■ Exercise details ■
Return the listing verbatim, images left out.

■ Material provided ■
== == ==
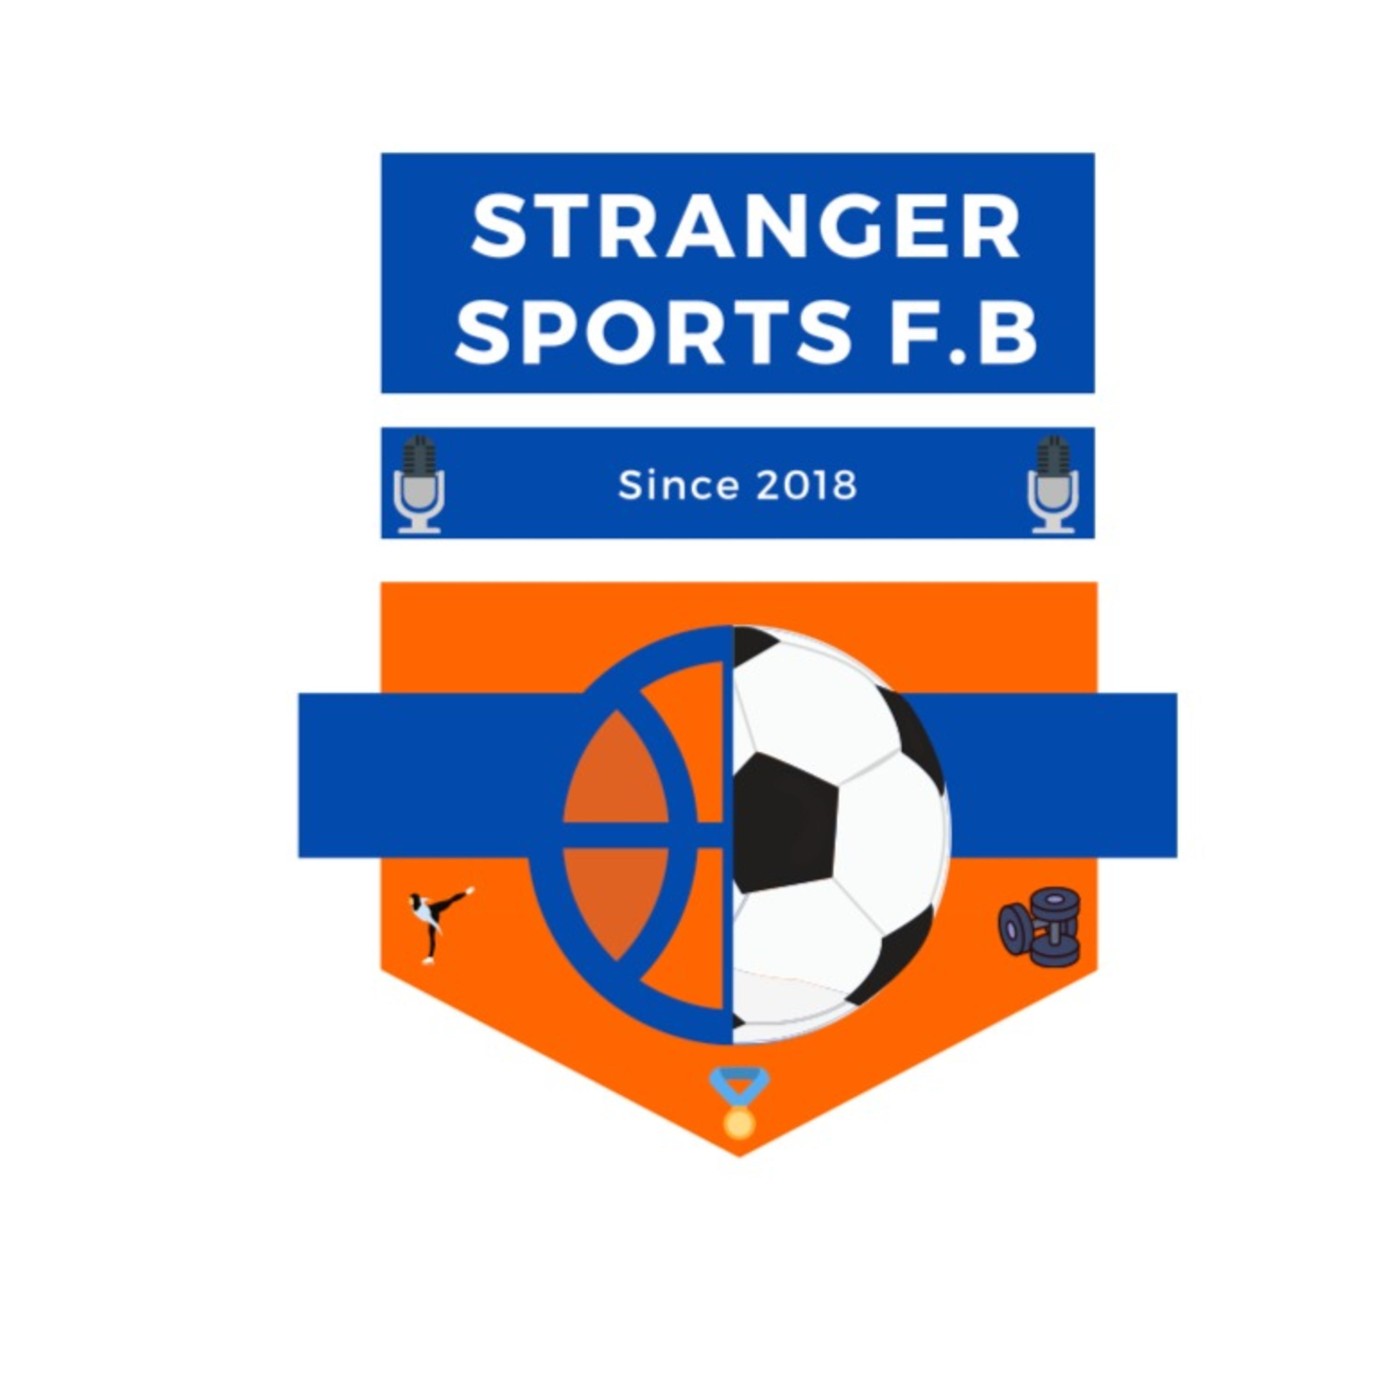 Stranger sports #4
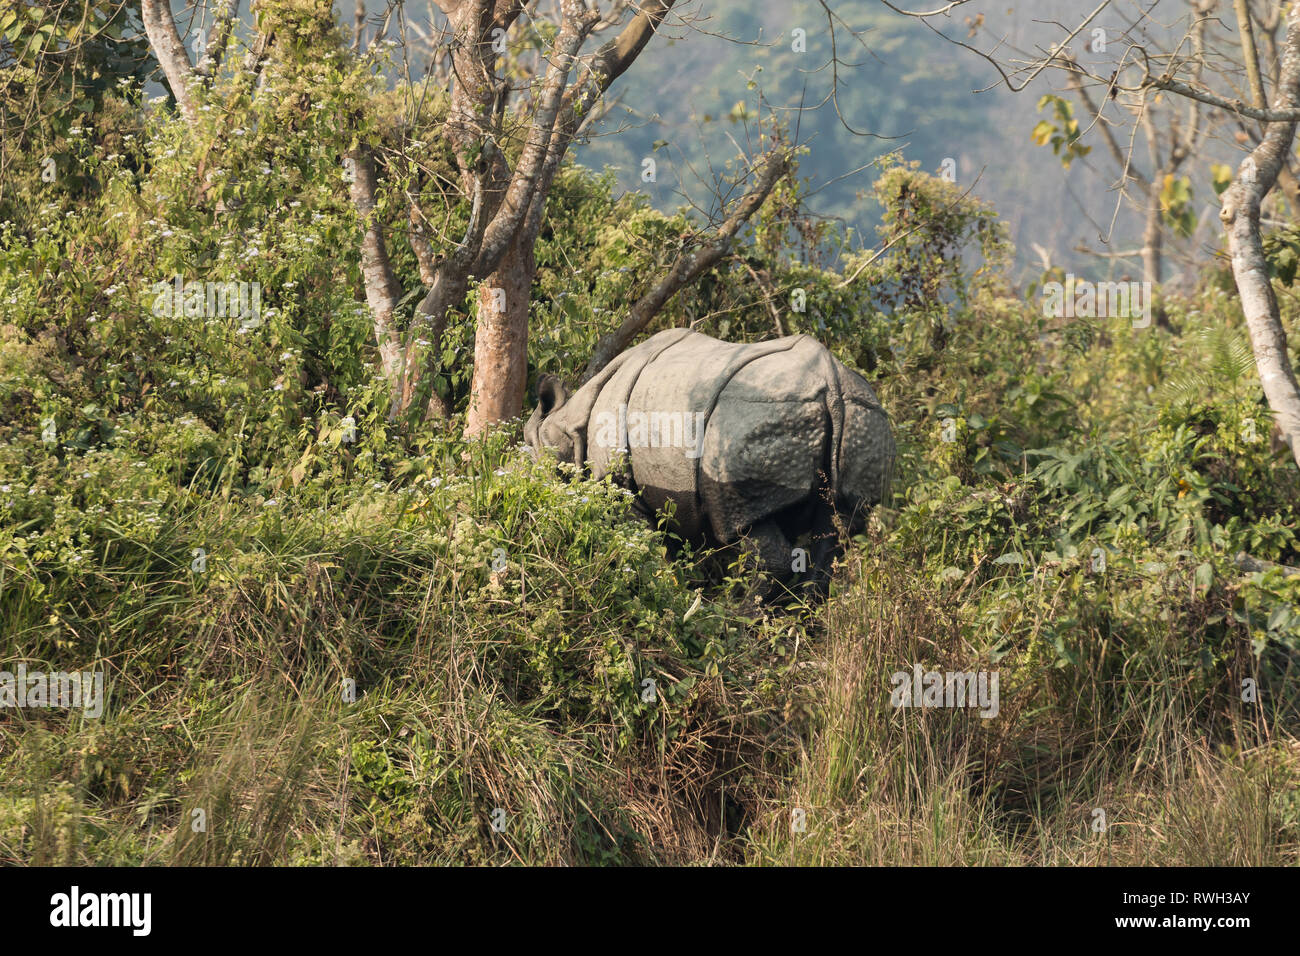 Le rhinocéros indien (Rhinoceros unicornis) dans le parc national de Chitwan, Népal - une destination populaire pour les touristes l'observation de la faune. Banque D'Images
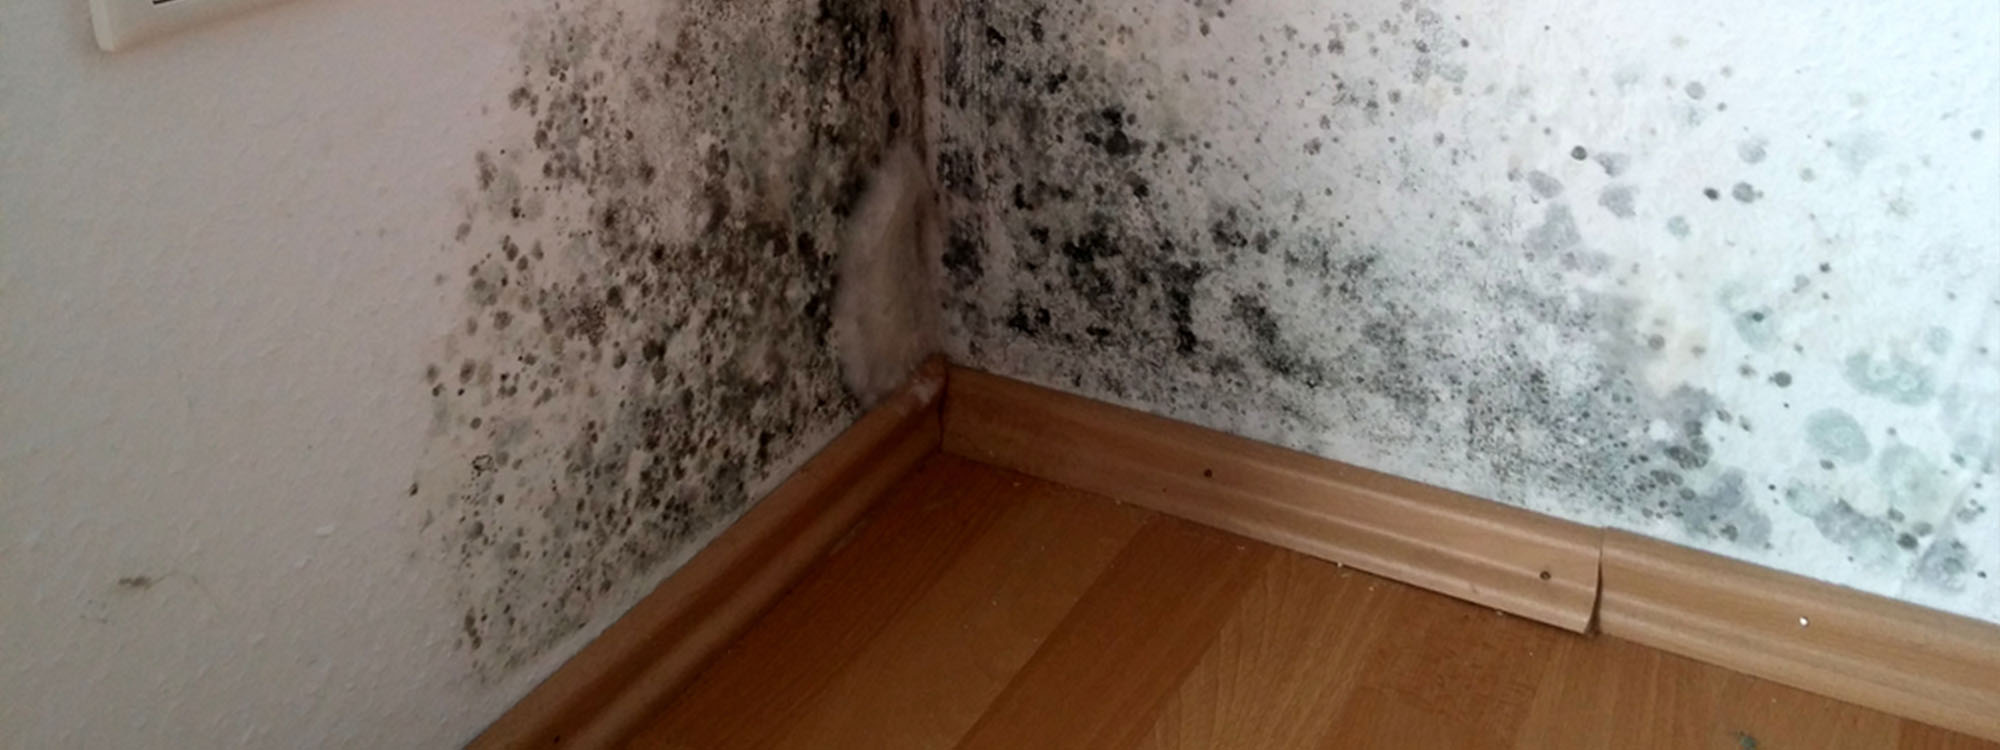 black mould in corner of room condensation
== == ==
■ Output ■
 Stranger sports #4
 Le rhinocéros indien (Rhinoceros unicornis) dans le parc national de Chitwan, Népal - une destination populaire pour les touristes l'observation de la faune. Banque D'Images
 black mould in corner of room condensation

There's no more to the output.